An overwhelming ‘Symphony of a Thousand’ from a natural Mahlerian

Author: 
Edward Seckerson
Mahler Symphony No 8Mahler Symphony No 8

MAHLER Symphony No 8 – Tennstedt

  • Symphony No. 8, 'Symphony of a Thousand'

The Royal Festival Hall was never a natural venue for Mahler’s Eighth Symphony, and I remember well how Klaus Tennstedt’s choirs spilled from the choir stalls into the adjoining side stalls and how boxes were deployed to accommodate the offstage brass and, at the highest point, Susan Bullock’s Mater Gloriosa. But what we lost in breadth and magnitude (the acoustic was much drier then) we gained in an all-enveloping and electrifying immediacy.

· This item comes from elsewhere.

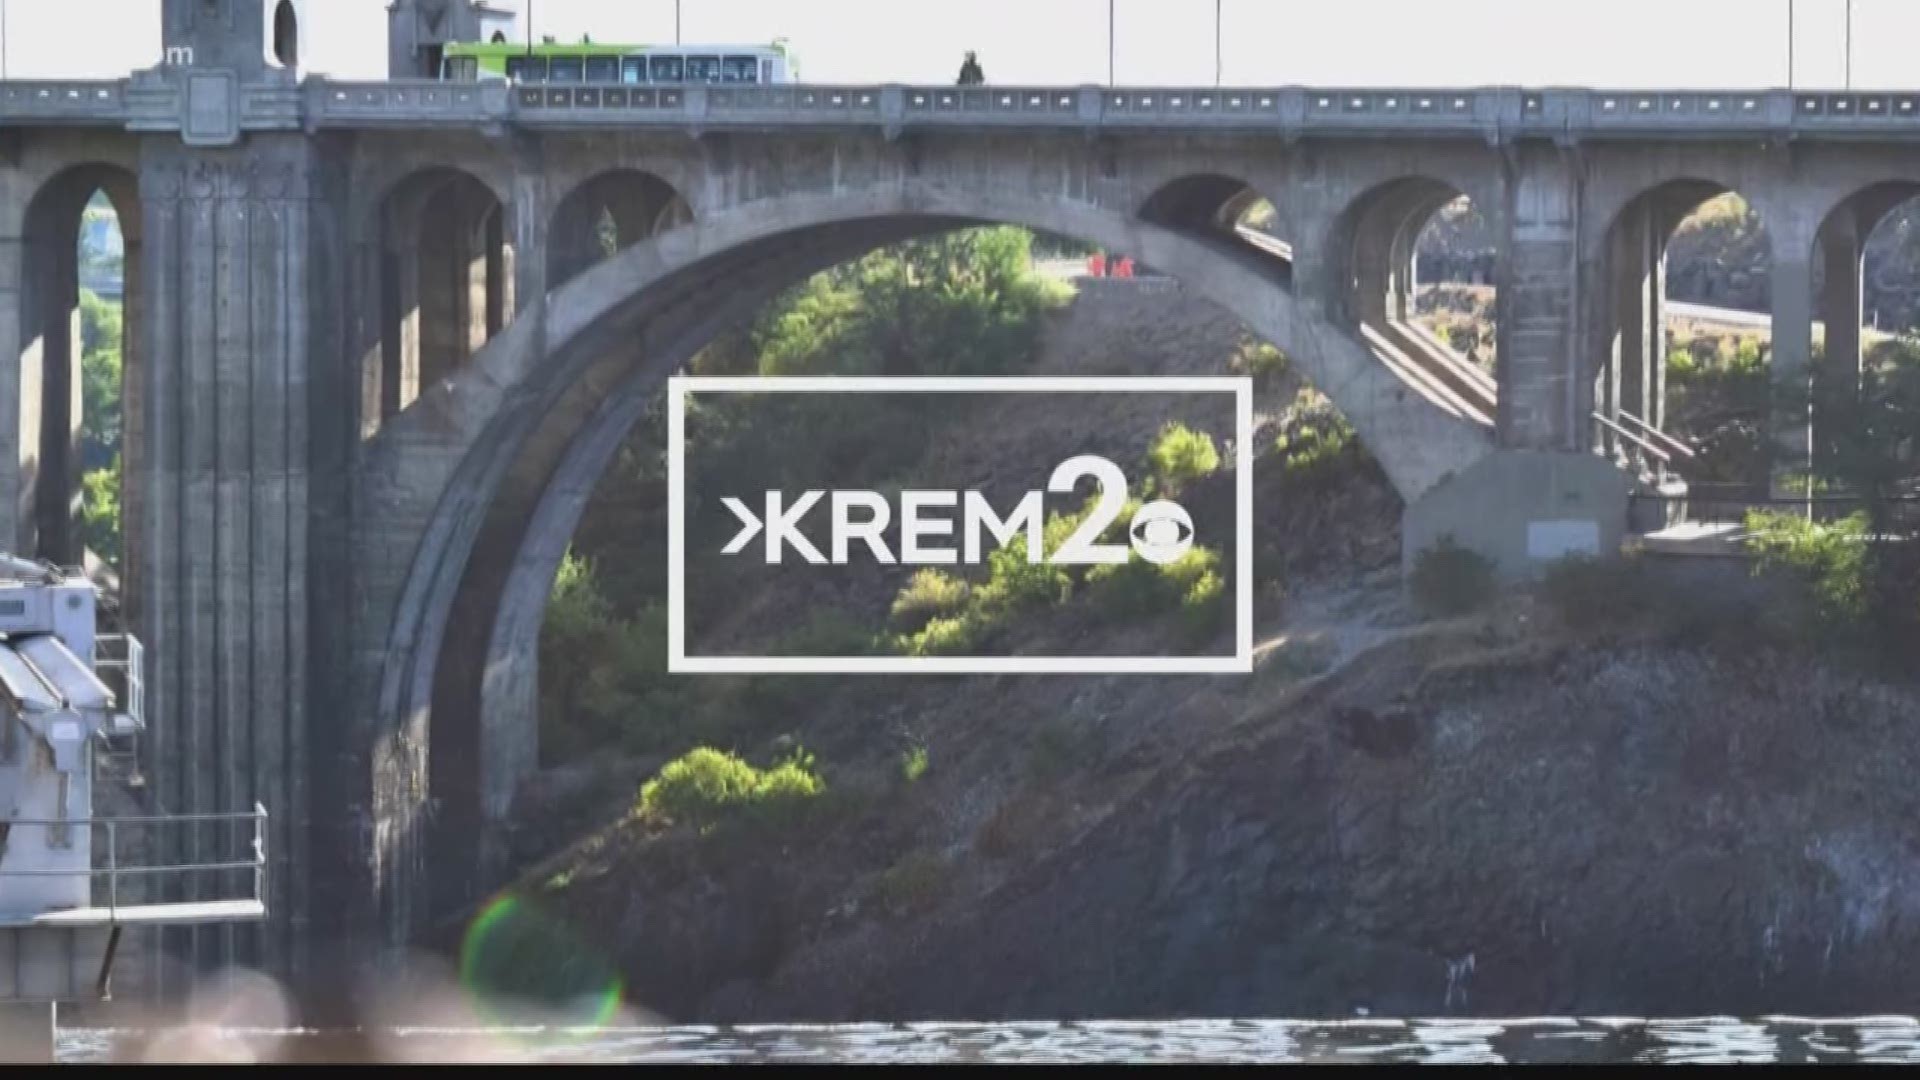 KREM 2 News at 5 top stories for Spokane and North Idaho on Memorial Day 2020

And so, with the biggest upbeat in music (and from days when the Festival Hall organ was complete!), Mahler’s hymnic invocation swept all before it. It was almost as if Tennstedt was striving to compensate for the constrictive sound of the hall by building the spatial perspective into his reading. Come the mighty development, he takes the text “Accende lumen sensibus” (“Inflame our senses with light”) at absolutely face value. As the fervour mounts to fever pitch – his sopranos Julia Varady and Jane Eaglen hurling out top Cs like they could be the last they ever sing – one almost doesn’t notice that the tempo is getting broader and broader. Tennstedt is one of the few conductors in my experience to almost convince me that impetus has nothing to do with speed. And, of course, though there is no ritardando marked in the momentous bars leading to the point of recapitulation, Tennstedt (who was nothing if not a traditionalist) is having none of it – the heavens duly open but in the certain knowledge that they will do so again, only bigger, with the Chorus Mysticus.

Part 2 begins with a poco adagio which, thanks to the kind of high-intensity string-playing only Tennstedt could elicit from the LPO, tugs at the emotional fabric of the music as few dared to do. To some it will feel overwrought, to most (or at least to staunch Mahlerians) it will be another instance of Tennstedt’s total identification with this music. His painting of the Faust scene is characteristically craggy, with the arrival of the Doctor’s heavenly escort prompting angelic high jinks far rougher and readier in tone than in some accounts. So, too, the casting of the male soloists, with Kenneth Riegel’s Doctor Marianus eschewing head voice for an often pained rendition of the cruelly high tessitura.

But as the Mater Gloriosa duly floats into view (the lovely Susan Bullock) and the force of love becomes unstoppable, Tennstedt is overwhelming. Try topping the orchestral peroration, offstage trumpets stretching the “Veni, Creator Spiritus” motif from the interval of a fifth beyond the octave to a heaven-storming ninth.